Would you please let me know where I can send you my book TAKING ROOT IN PROVENCE? I live in the center of Aix and could drop it off anywhere, over a cup of coffee if you like. The book is available at Book in Bar, Goulart and Le Blason in case you want to sneak a peek first, but I would be very happy to send you a copy directly.
I enjoy your blog, both its format and content. Anne-Marie Simons
Hello – I’m glad you like the blog. It was born out of exasperation really, not being able to find out things that were happening until it was too late! So I’m trying to keep on top of what’s new in town. I’ll be in touch. Best wishes – Aixcentric.
Thank you for your interesting book review…..love your blog!
Glad you find it interesting…
And I love doing it!
Your book is in the apartment we rented and was warmly recommended by our landlord. Have read it cover to cover and went looking in local bookstores on the Cours – to no avail. Even tried the Tourist Office where English offerings also sadly lacking! So – coming to aixcentric I find that I can order it from Lulu.com. And will, although I won’t see it until I get home! Pity. I would like to have scribbled notes as I wander around. Well done! Anne
I did try to get the tourist office interested. The director liked the book and said they should be selling it, bla bla, but hasn’t done anything about it. Disappointing. You can however buy it at the English bookshop ‘Book In Bar’ and they continue to be very encouraging. I’m so pleased you enjoyed it and had an interesting time in Aix. Thank you!

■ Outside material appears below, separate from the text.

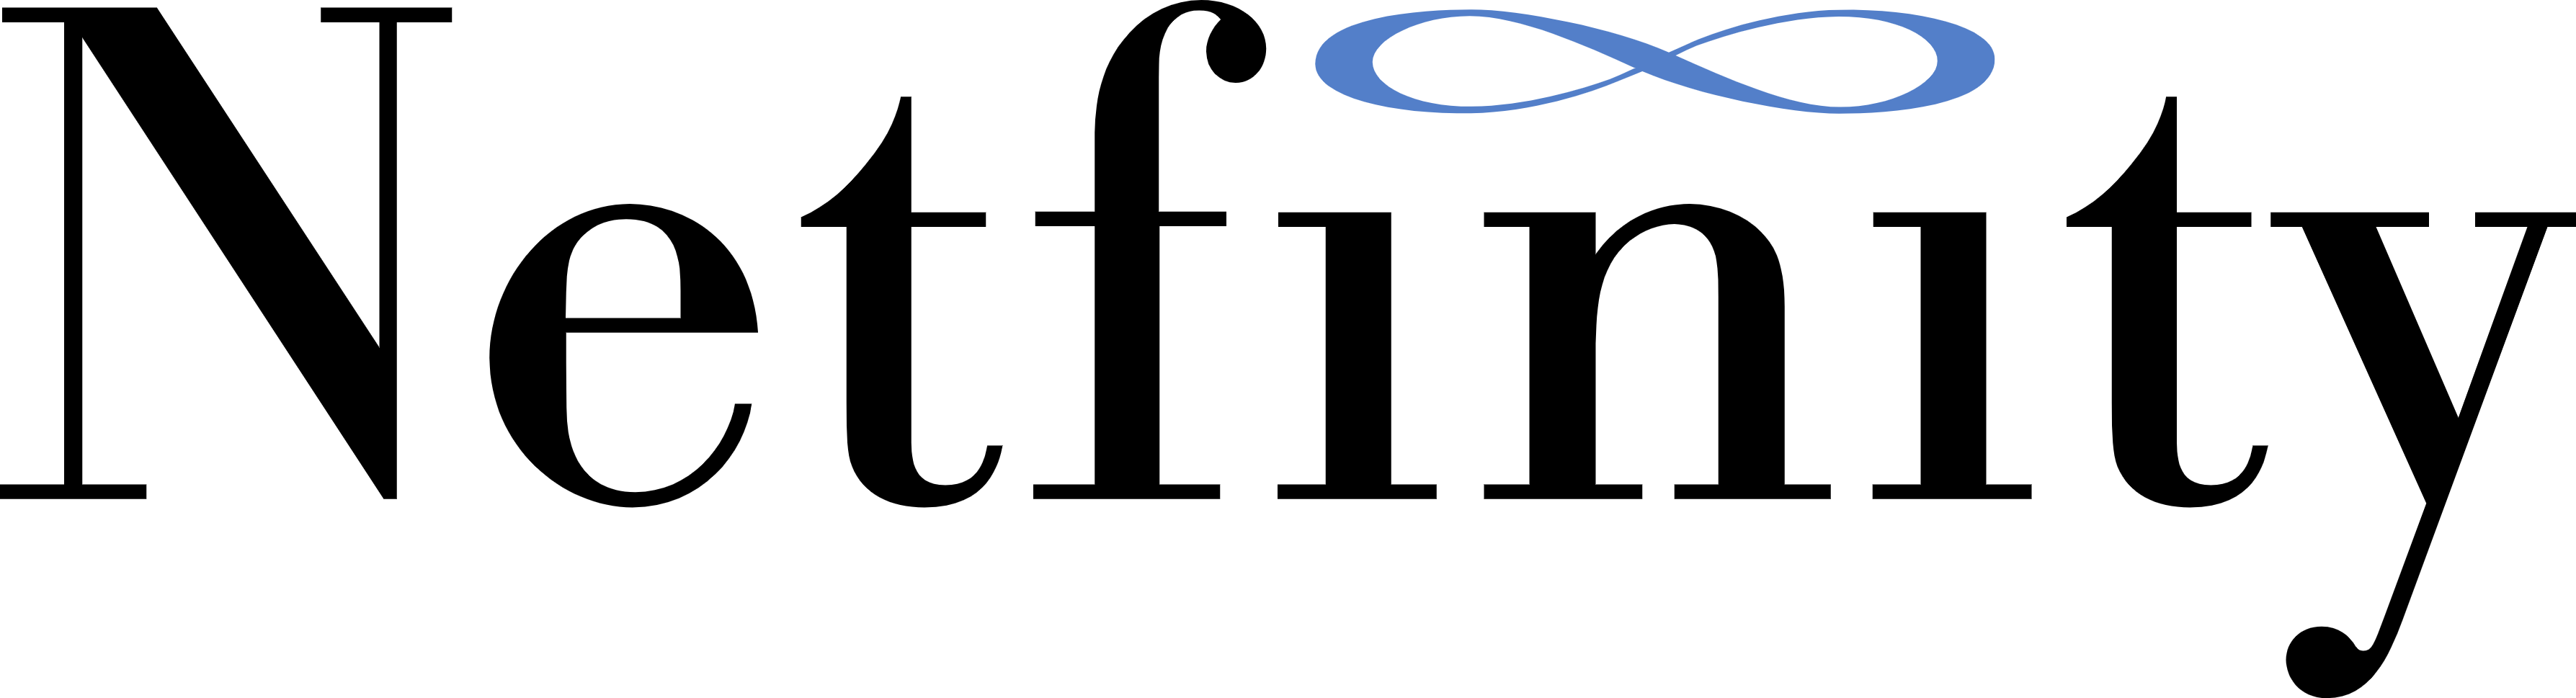 ibm netfinity 2 logo

Thank you for this! I’m already looking forward to a rainy day with at least one of these!
Thank you aixcentric for this post and your wonderful blog. I’ve just moved to Aix from the US and found your blog when I was searching the Web for books set in Aix. Thank you for all your hard work to help other expats!
So glad you find it helpful….and I love doing it!

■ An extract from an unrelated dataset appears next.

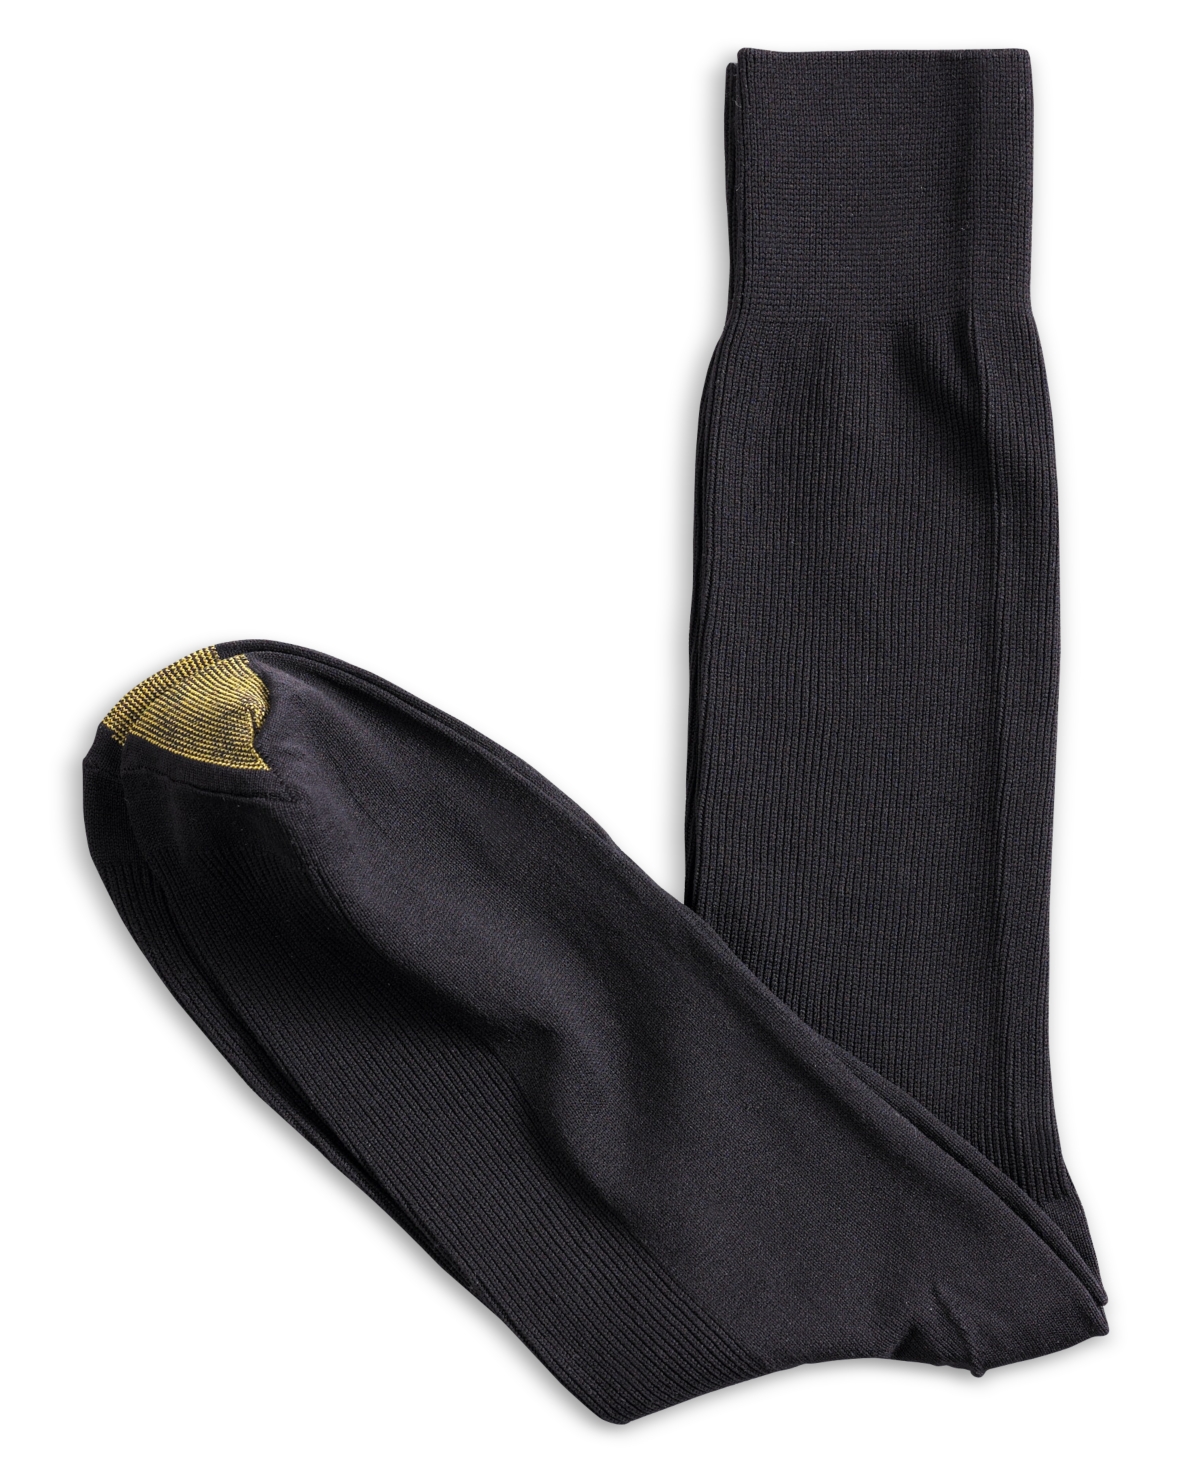 Men's 3-Pack Dress Metropolitan Crew Socks - Black

I just discovered your lovely blog about Aix. I have a special connection with the town. First it is the place where my father, a German POW and my French mother, met after WW2 and fell in love. As a Canadian university student, I then had the good fortune to spend a year there studying at the Université Aix-Marseille. Interesting to catch up on recent news and activities there and I will look for some of the recommended books!
Thank you for getting in touch. So many people cherish their links with Aix – it’s fascinating to me to see how many people follow aixcentric from all parts of the planet!